EXERCISE DETAILS: Every line from the one holding "how-to-train-your-dragon-the-hidden-world-4k-2019-2h.jpg" through the one holding "Spanish Paella Stuffed Peppers Recipe" in the data below must be returned exactly, both ends included, with pictures left out and nothing else added.

ENTRIES PROVIDED START

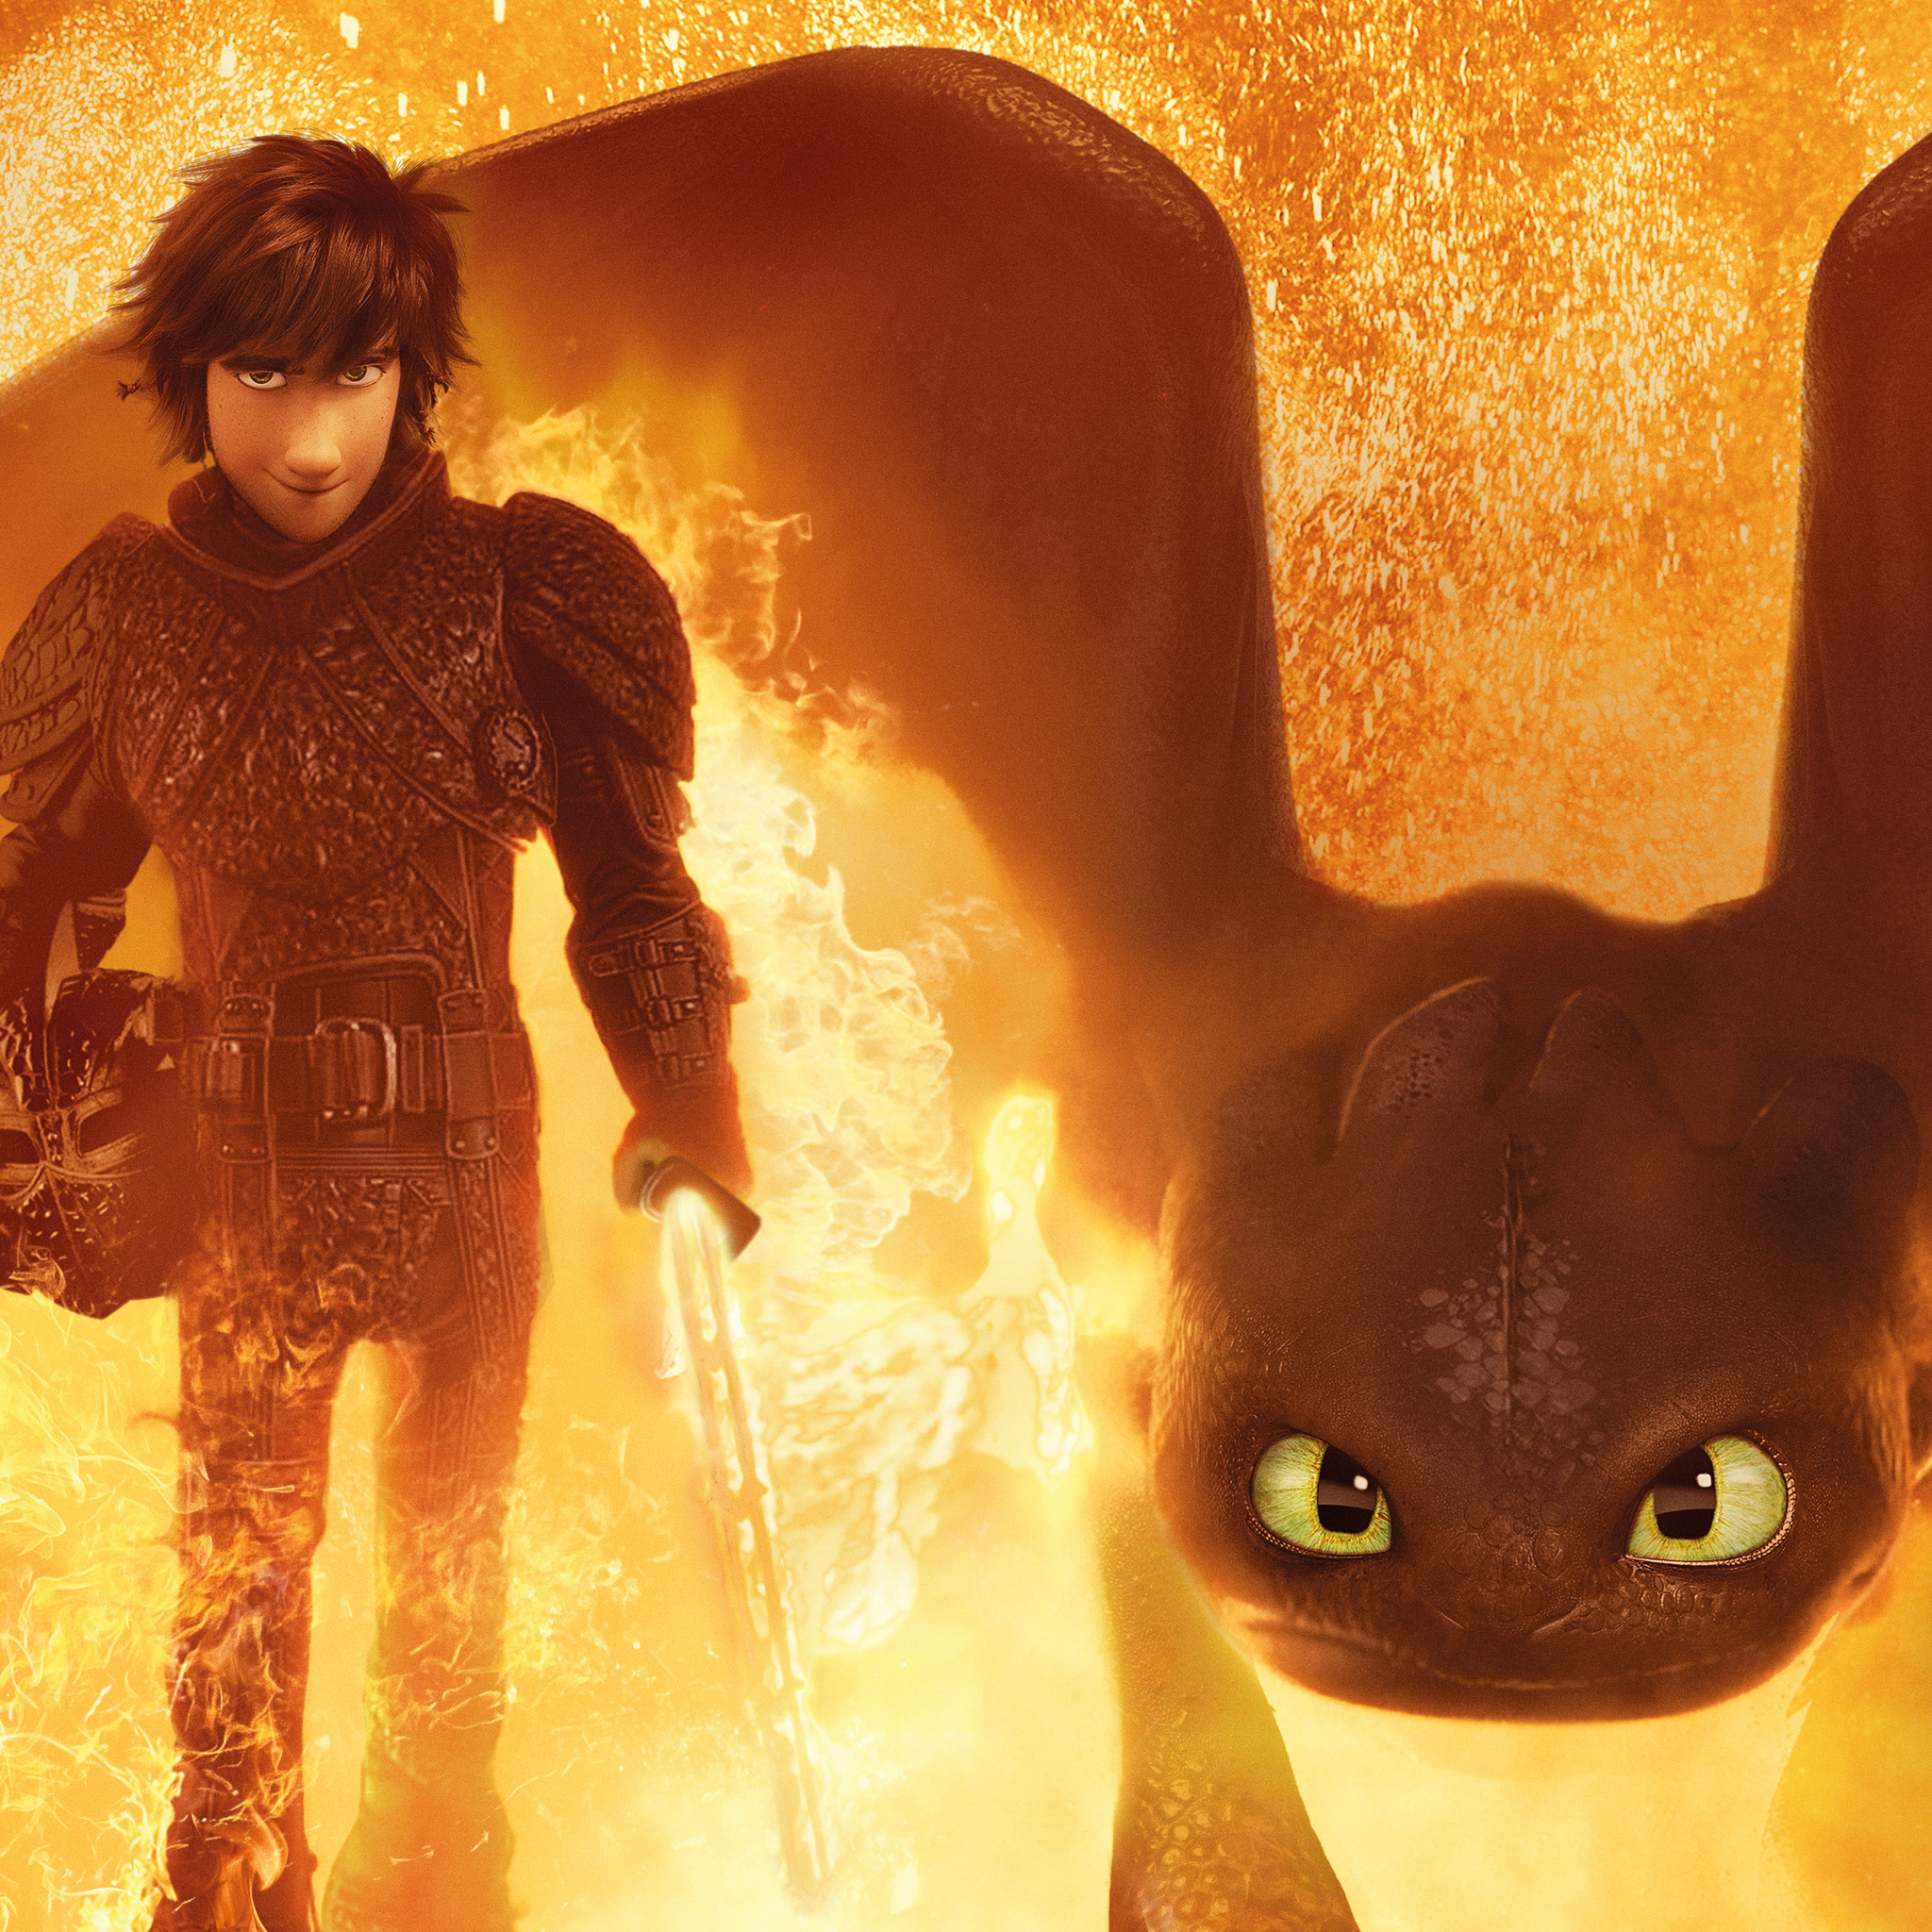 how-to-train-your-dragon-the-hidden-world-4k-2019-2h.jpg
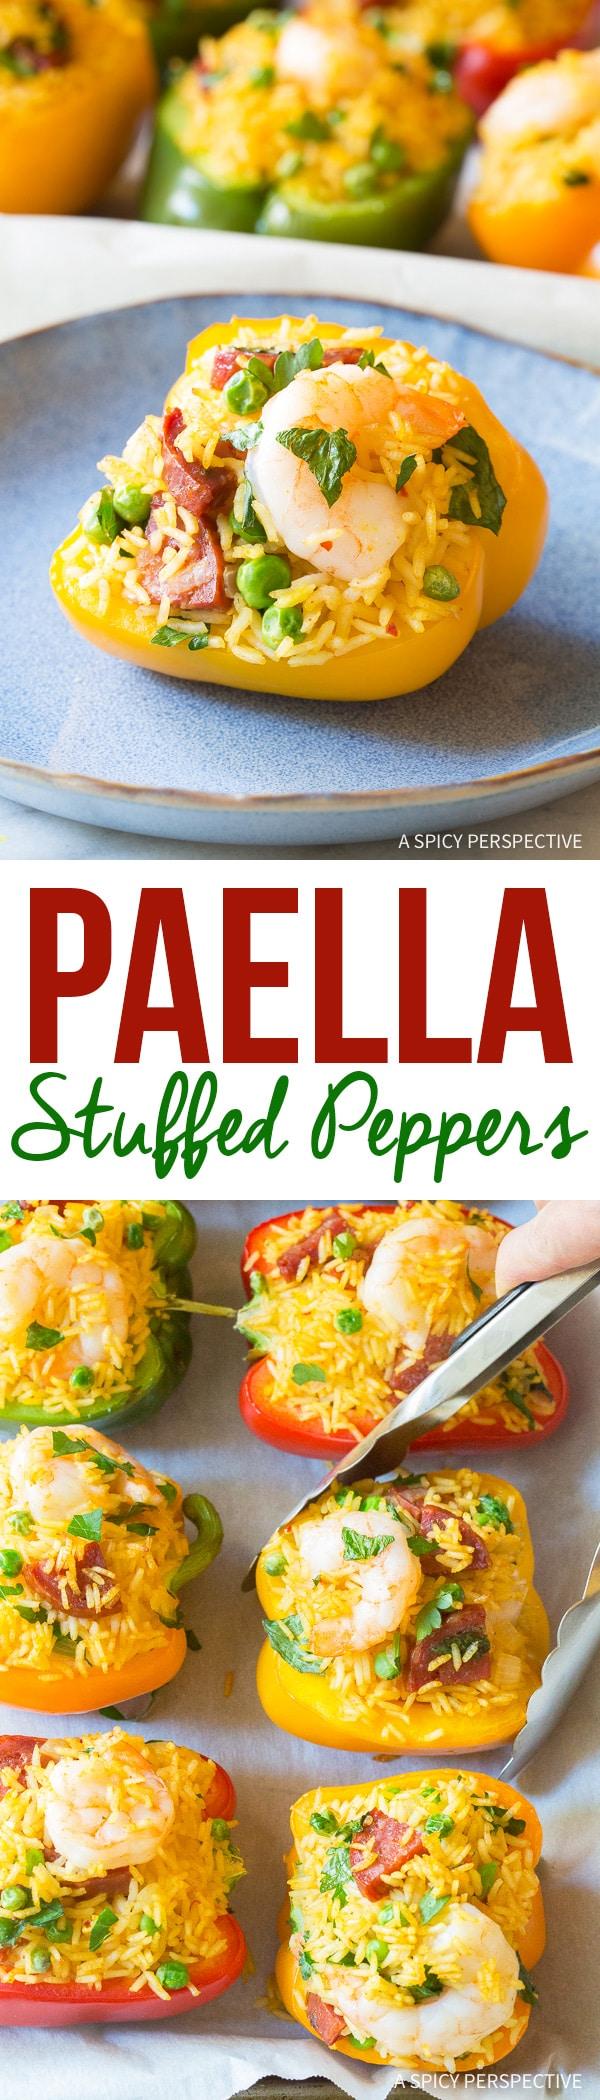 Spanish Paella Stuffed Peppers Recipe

ENTRIES PROVIDED END
ENTRIES PROVIDED START

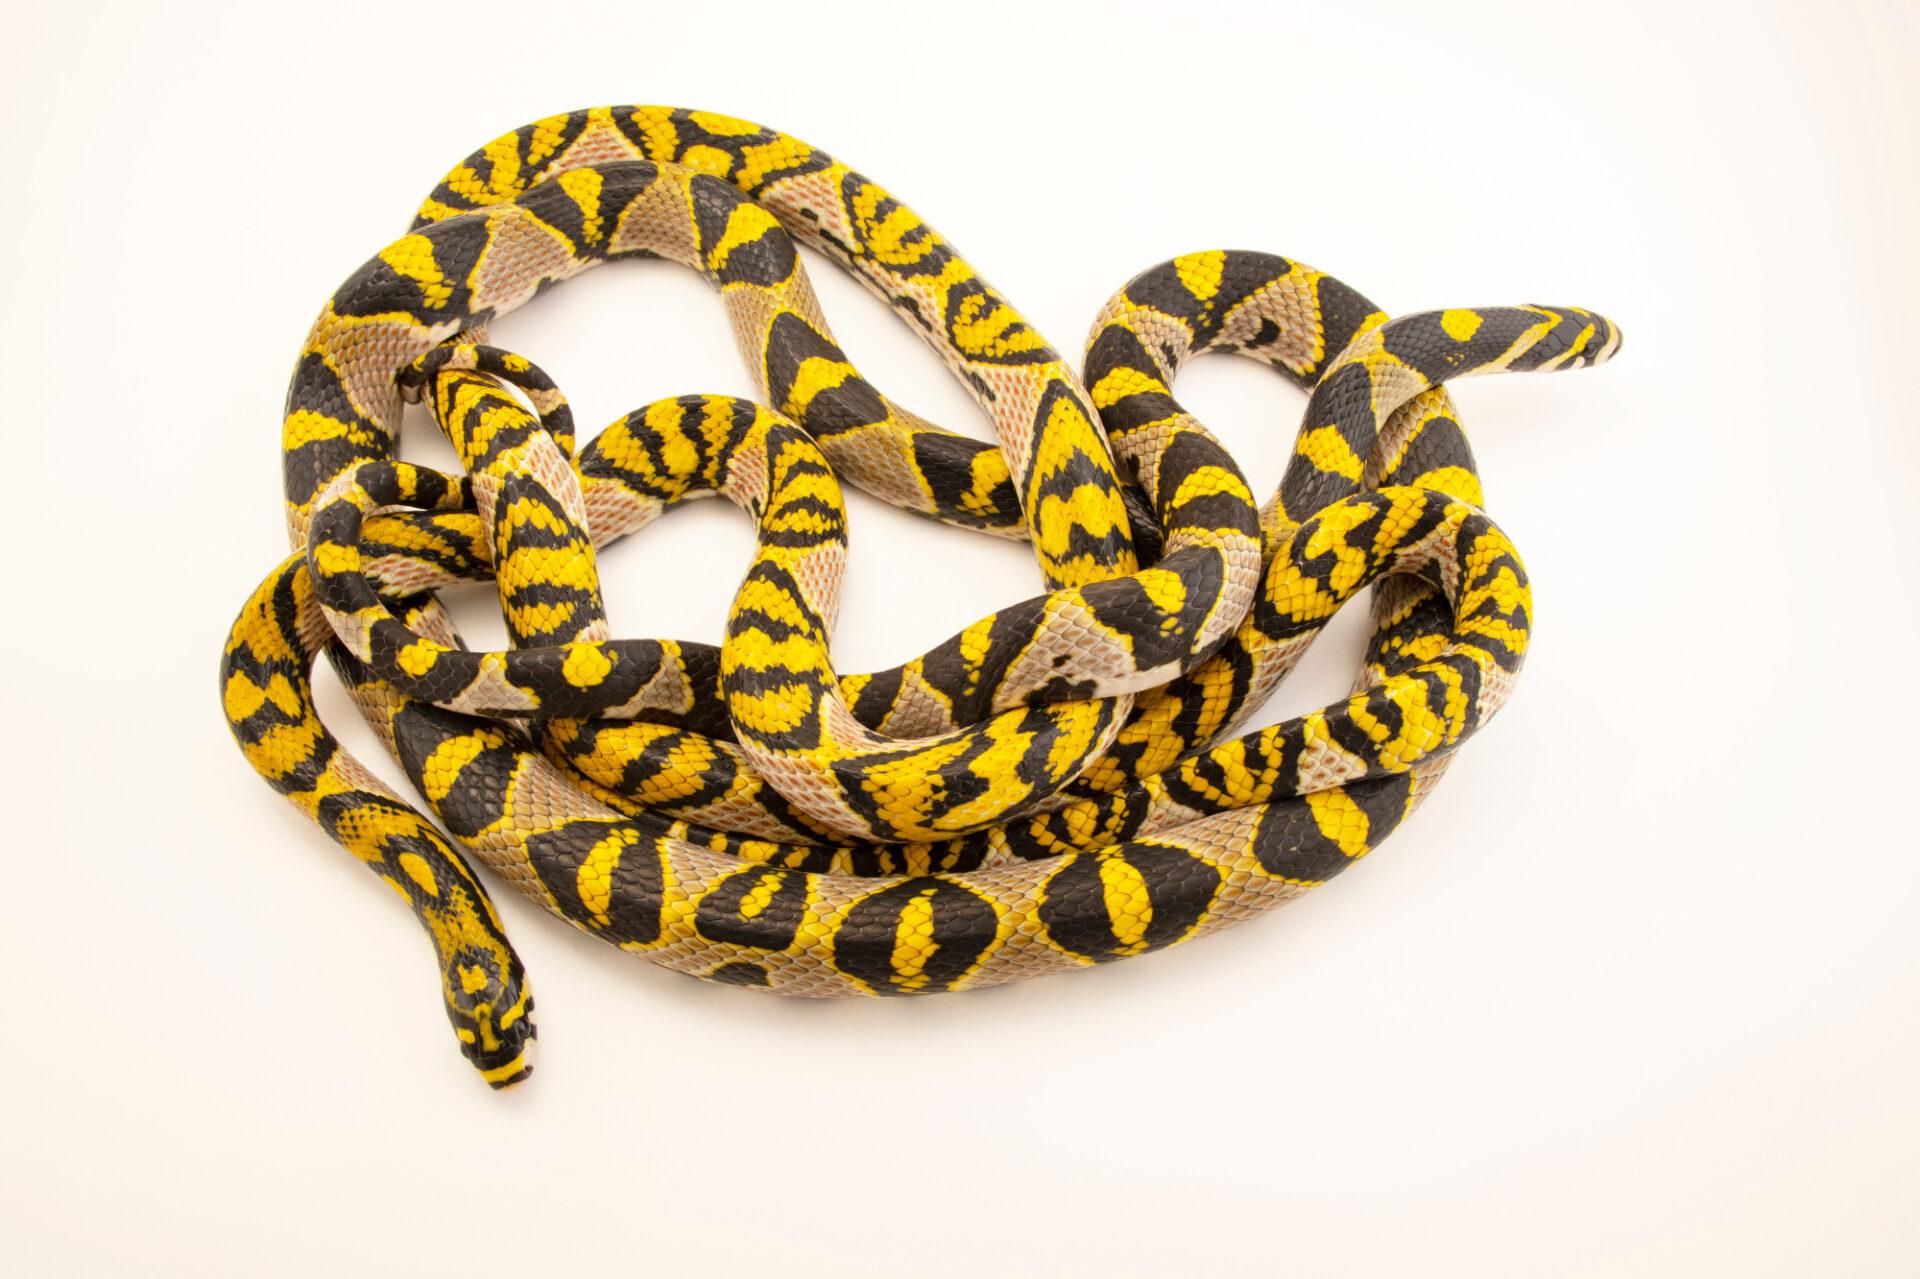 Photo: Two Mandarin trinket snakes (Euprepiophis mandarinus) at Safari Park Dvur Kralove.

ENTRIES PROVIDED END
ENTRIES PROVIDED START

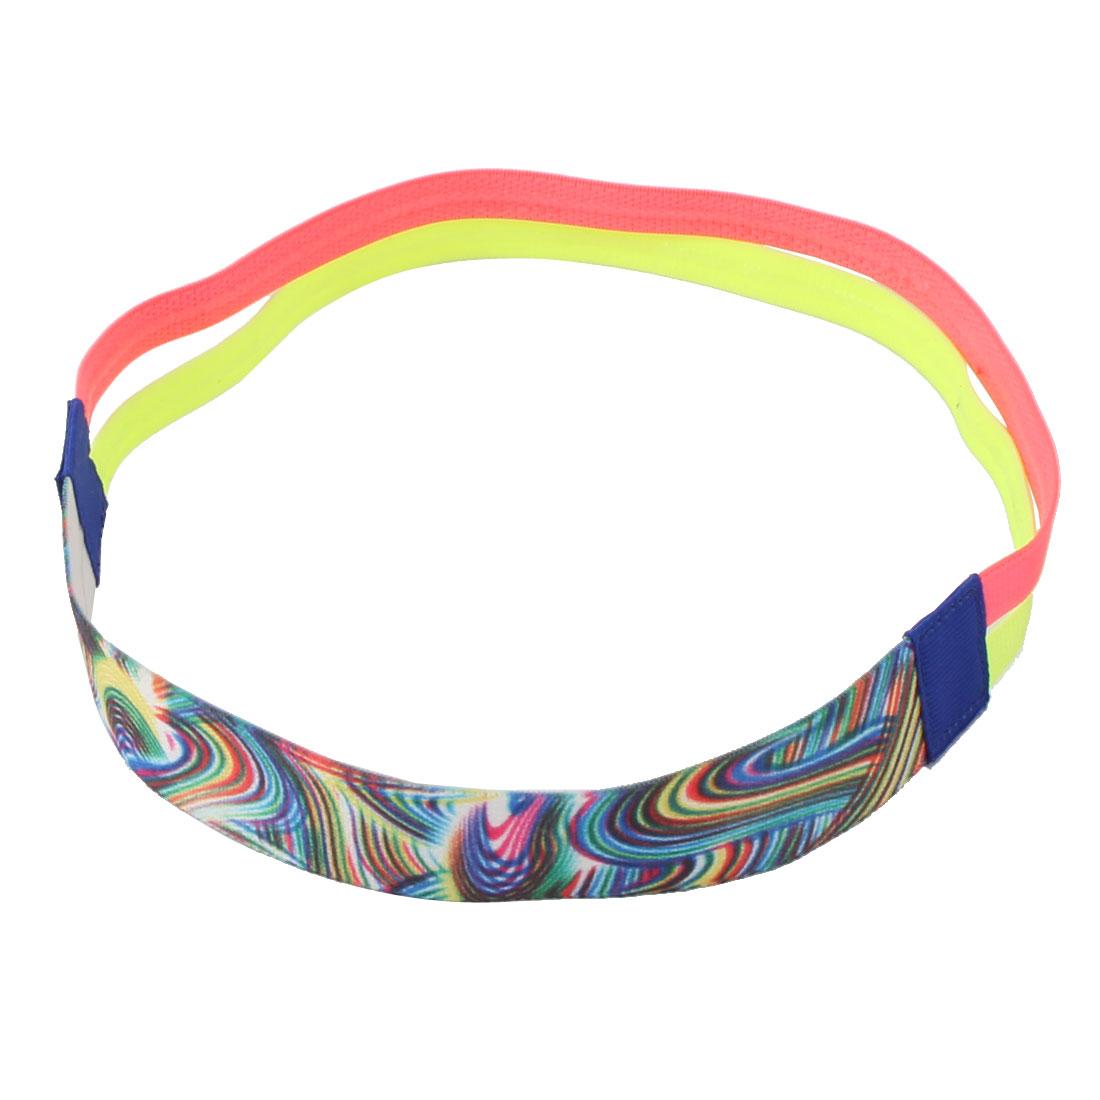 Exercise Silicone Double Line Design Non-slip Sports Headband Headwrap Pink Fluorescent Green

ENTRIES PROVIDED END

TASK ANSWER:
 how-to-train-your-dragon-the-hidden-world-4k-2019-2h.jpg
 Spanish Paella Stuffed Peppers Recipe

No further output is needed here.